*** Opening DATA SECTION ***

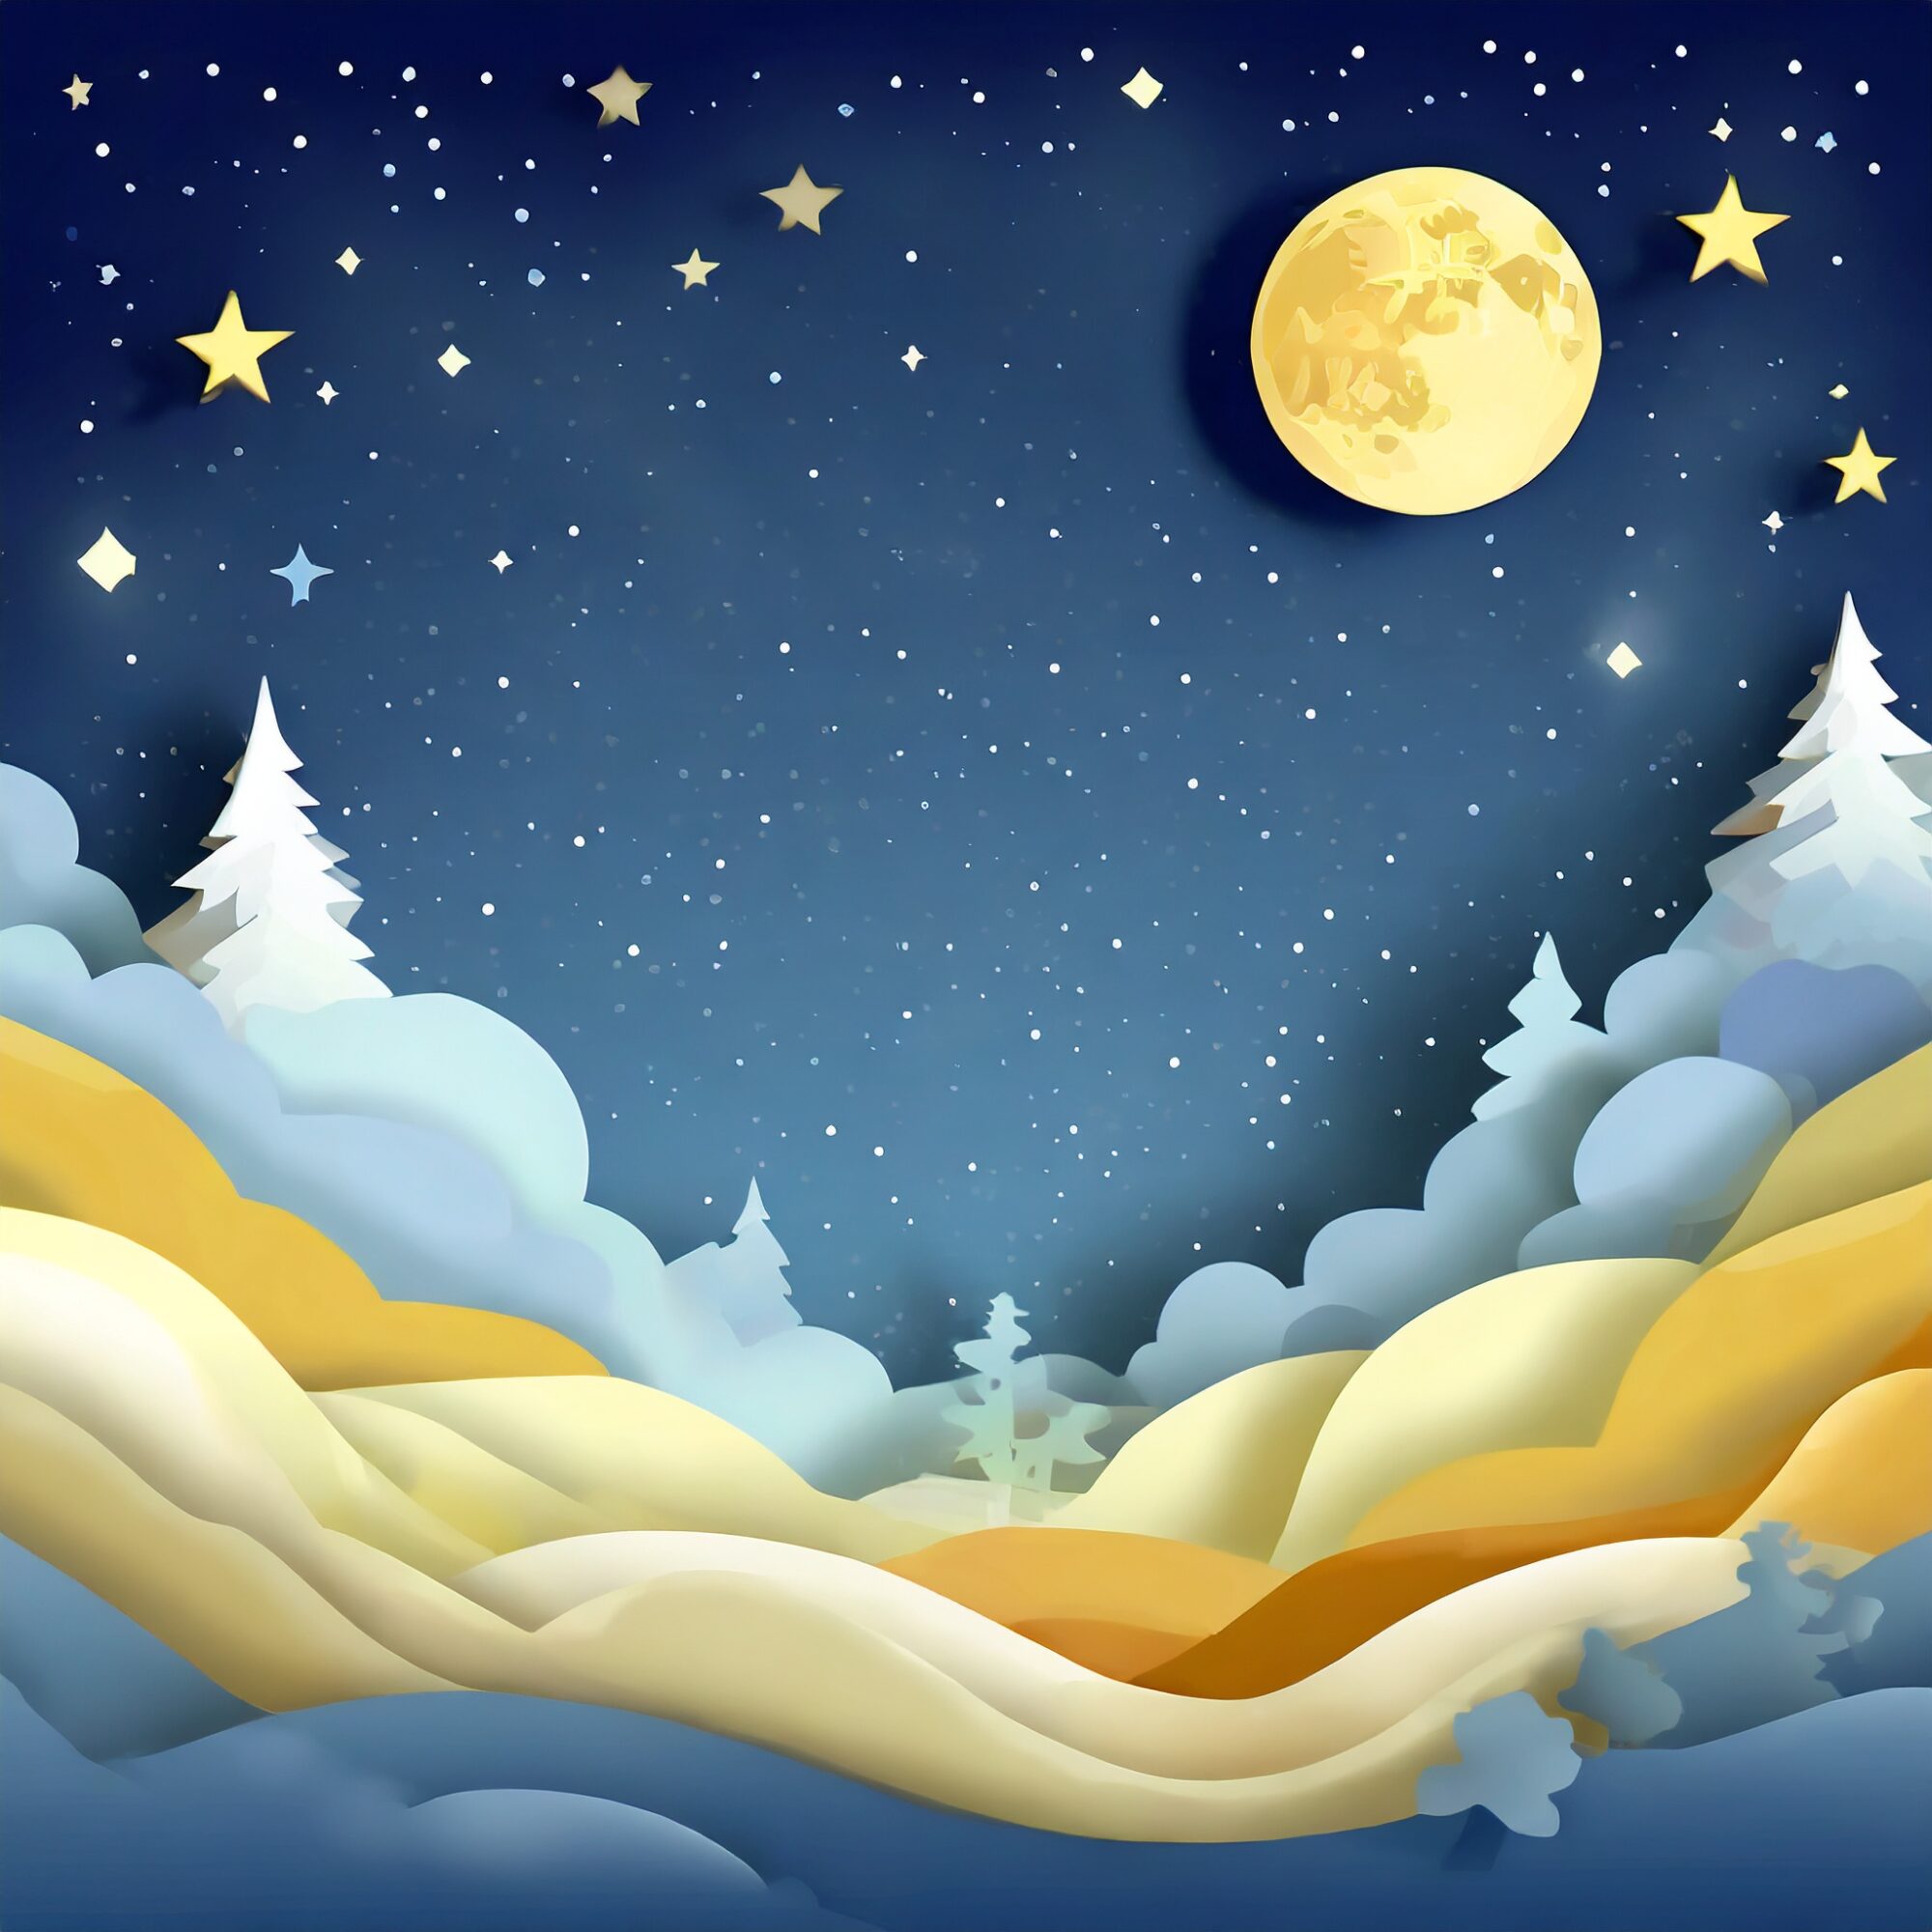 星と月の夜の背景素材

*** Closing DATA SECTION ***
*** Opening DATA SECTION ***

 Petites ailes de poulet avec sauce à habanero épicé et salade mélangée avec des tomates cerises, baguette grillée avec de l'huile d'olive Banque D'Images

*** Closing DATA SECTION ***
*** Opening DATA SECTION ***

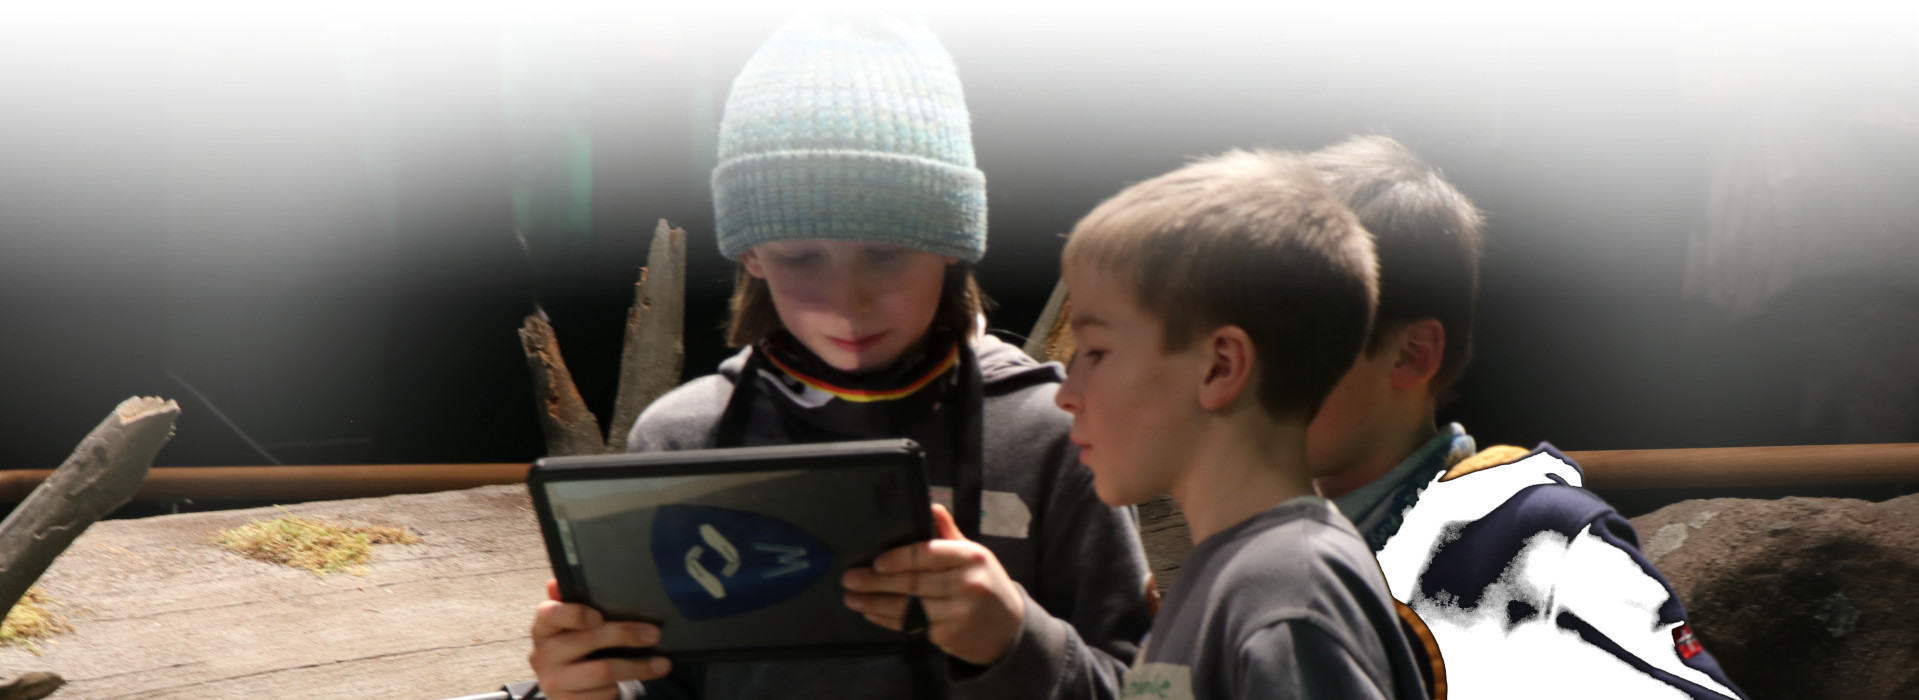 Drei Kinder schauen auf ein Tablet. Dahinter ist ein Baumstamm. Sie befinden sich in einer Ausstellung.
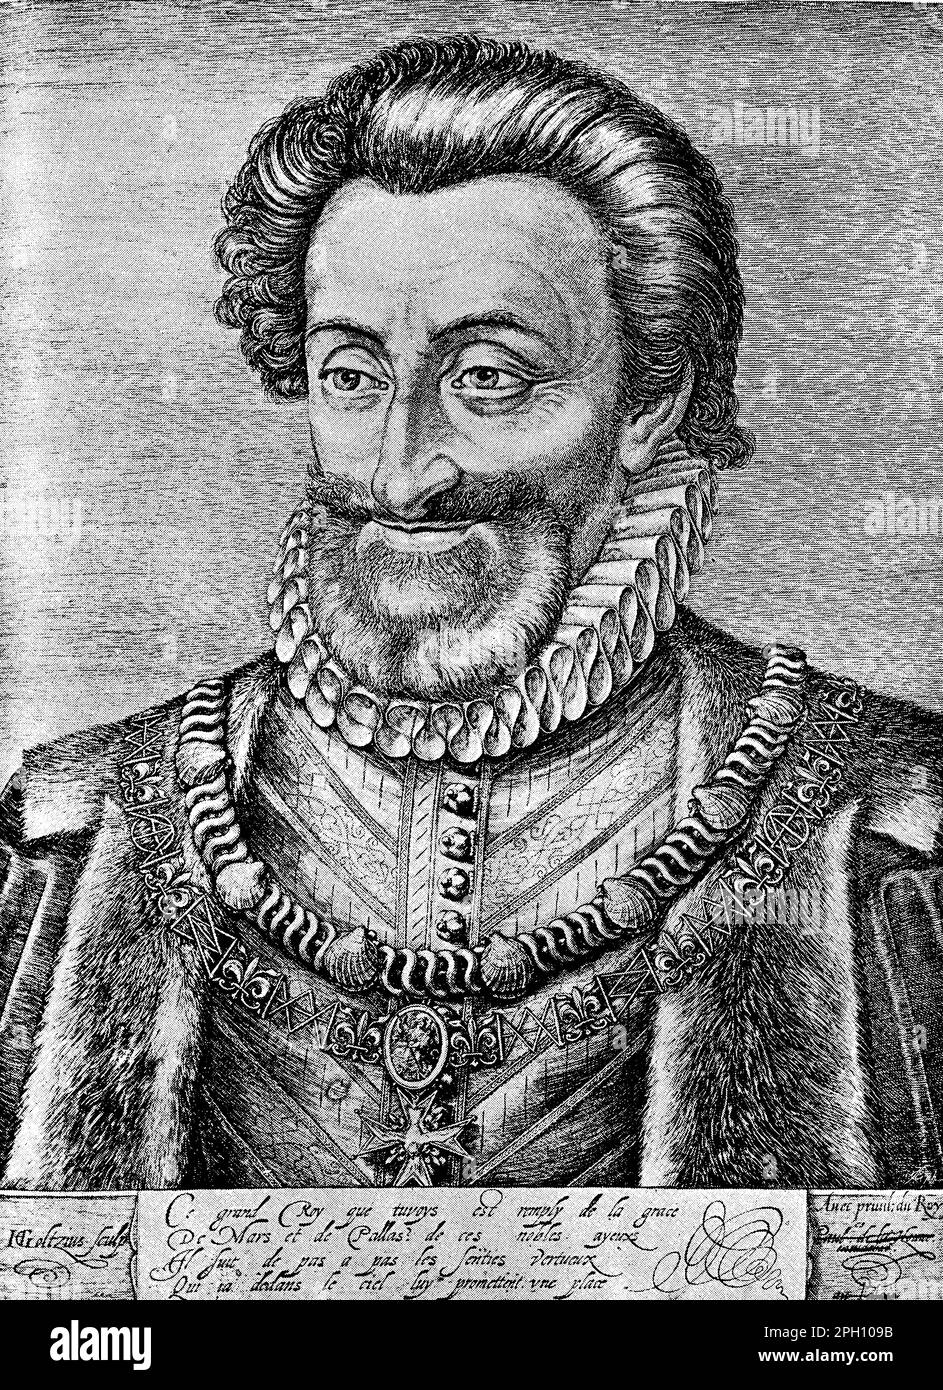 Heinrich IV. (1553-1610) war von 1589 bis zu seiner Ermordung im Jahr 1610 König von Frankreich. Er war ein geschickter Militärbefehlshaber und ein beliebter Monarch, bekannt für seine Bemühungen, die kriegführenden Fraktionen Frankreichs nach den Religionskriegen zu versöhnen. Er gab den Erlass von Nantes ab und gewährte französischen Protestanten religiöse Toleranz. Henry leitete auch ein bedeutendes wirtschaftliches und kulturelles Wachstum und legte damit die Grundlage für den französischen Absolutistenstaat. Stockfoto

*** Closing DATA SECTION ***

Output only the lines above from the one containing "Drei Kinder schauen" to the one containing "Heinrich IV. (1553-1610)", both included, exactly as written and with no pictures.

**WRITTEN SOLUTION:**
 Drei Kinder schauen auf ein Tablet. Dahinter ist ein Baumstamm. Sie befinden sich in einer Ausstellung.
 Heinrich IV. (1553-1610) war von 1589 bis zu seiner Ermordung im Jahr 1610 König von Frankreich. Er war ein geschickter Militärbefehlshaber und ein beliebter Monarch, bekannt für seine Bemühungen, die kriegführenden Fraktionen Frankreichs nach den Religionskriegen zu versöhnen. Er gab den Erlass von Nantes ab und gewährte französischen Protestanten religiöse Toleranz. Henry leitete auch ein bedeutendes wirtschaftliches und kulturelles Wachstum und legte damit die Grundlage für den französischen Absolutistenstaat. Stockfoto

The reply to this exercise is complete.